- Developer: Mass Media
- Publishers: NA: TDK Mediactive; EU: Global Star Software;
- Composer: Chris Tilton
- Series: The Muppets
- Platforms: GameCube, PlayStation 2
- Release: PlayStation 2^{[citation needed]}NA: November 13, 2003; PAL: April 16, 2004; GameCubeNA: November 26, 2003;
- Genre: Party
- Modes: Single-player, multiplayer

= Muppets Party Cruise =

2003 video game

Muppets Party Cruise is a 2003 party video game, based on The Muppets franchise, developed by Mass Media and published by TDK Mediactive for the PlayStation 2 and GameCube.

This was the Muppets' last video game before the franchise was acquired by The Walt Disney Company in 2004.

==Gameplay==
Muppets Party Cruise has six playable characters: Kermit, Piggy, Fozzie, Gonzo, Animal and Pepe. The game contains 30 mini-games, 15 of which the player must unlock, and five levels: the Engine Room, Crew's Quarters, Quality Cabins, Star Suites and Royal Staterooms. Players may also choose between a long and short cruise.

The currency is party favors that are accrued by unlocking additional party games from the menu, but during gameplay, players use cruise credits.

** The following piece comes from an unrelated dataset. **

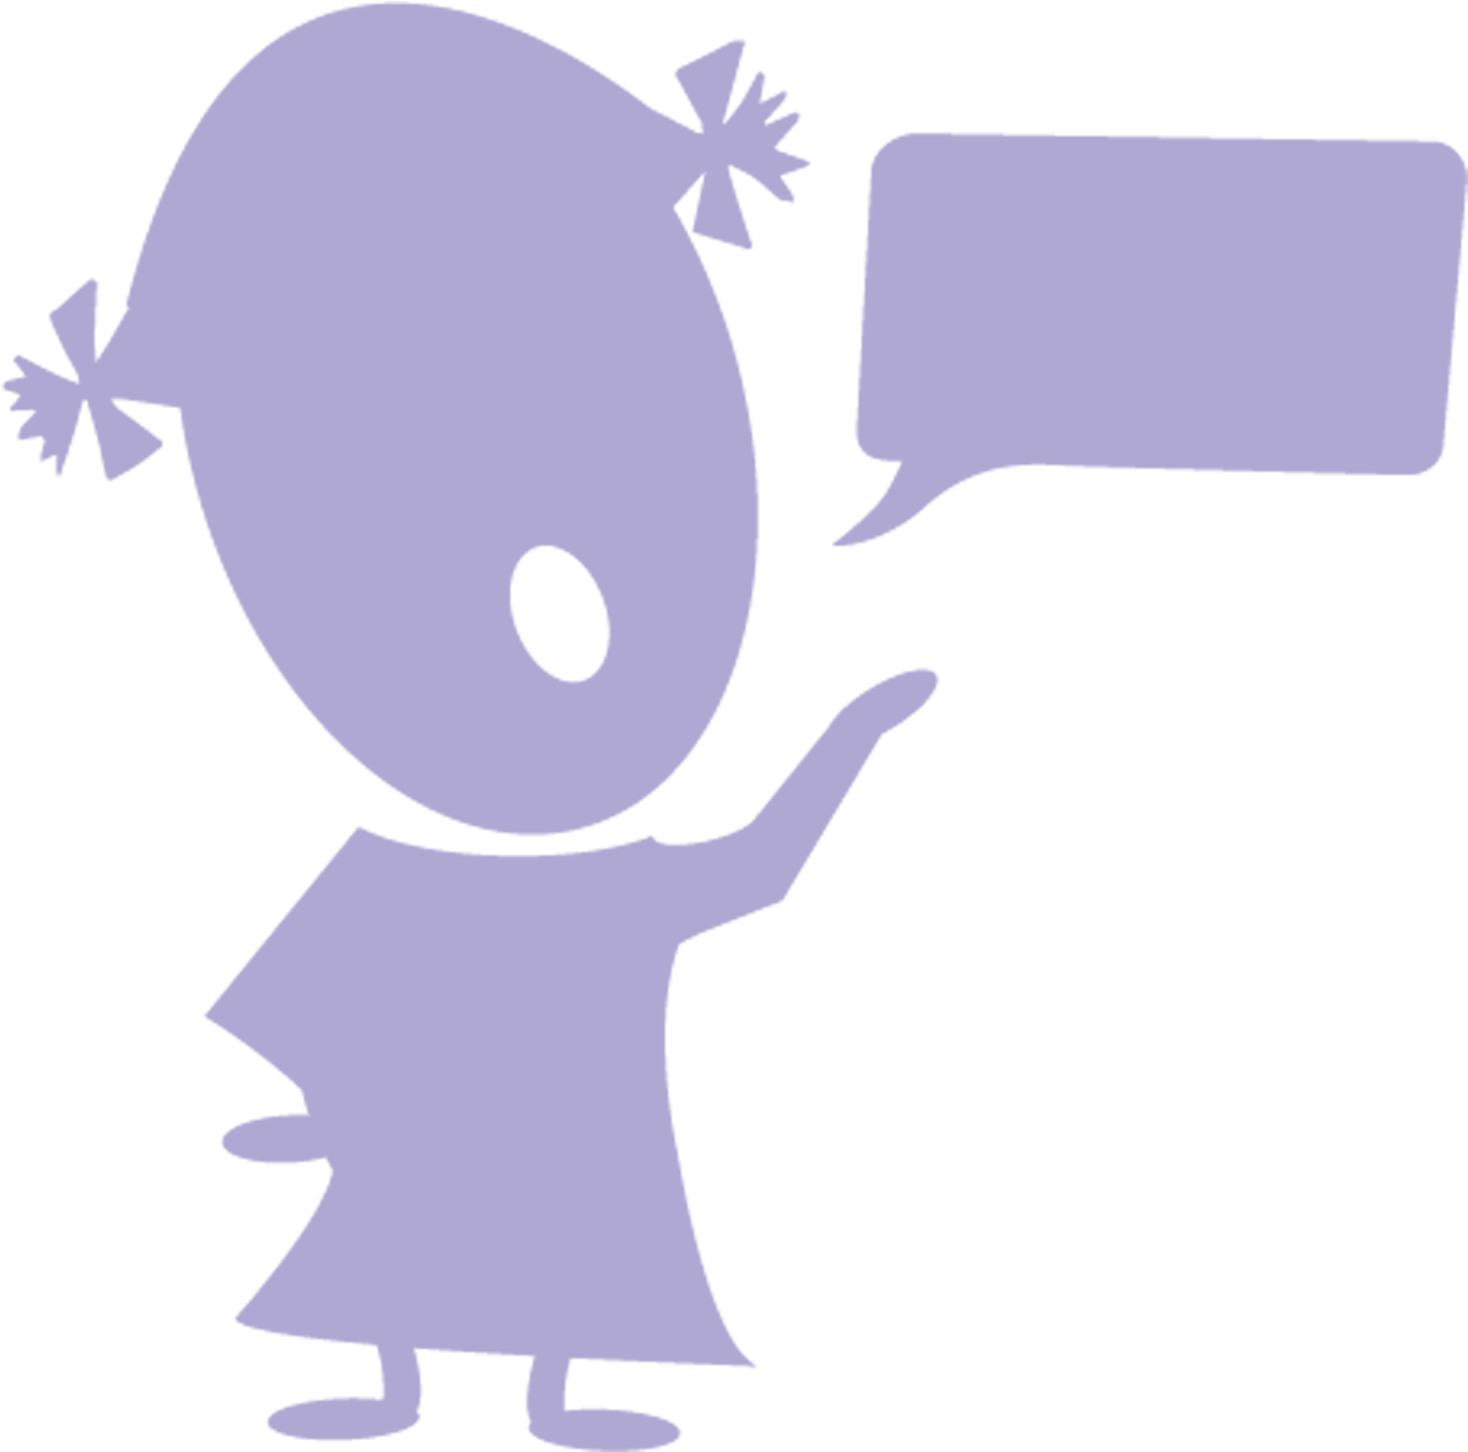 A Cartoon Of A Girl With A Speech Bubble

In "long cruise" mode, players may freely roam a tiled cruise ship. They roll a die at the start of each round and may advance that number of spaces. Around the walls of the cruise ship are doors; entering the blue, red or green doors starts multiplayer mini-games, and entering the yellow doors rewards the player with lottery-style one-player games in which the player may win more cruise credits. When a player wins a mini-game accessed via a red, blue or green door, the player receives a party favor of that color. When a player accumulates enough party favors, the game is over and the total party favors collected by all players are added to the saved balance, which can unlock mini-games.

In "short cruise" mode, the first player may select a mini-game in which everyone will compete, but no party favors are won.

== Reception ==

The game received "average" reviews according to video game review score aggregator Metacritic.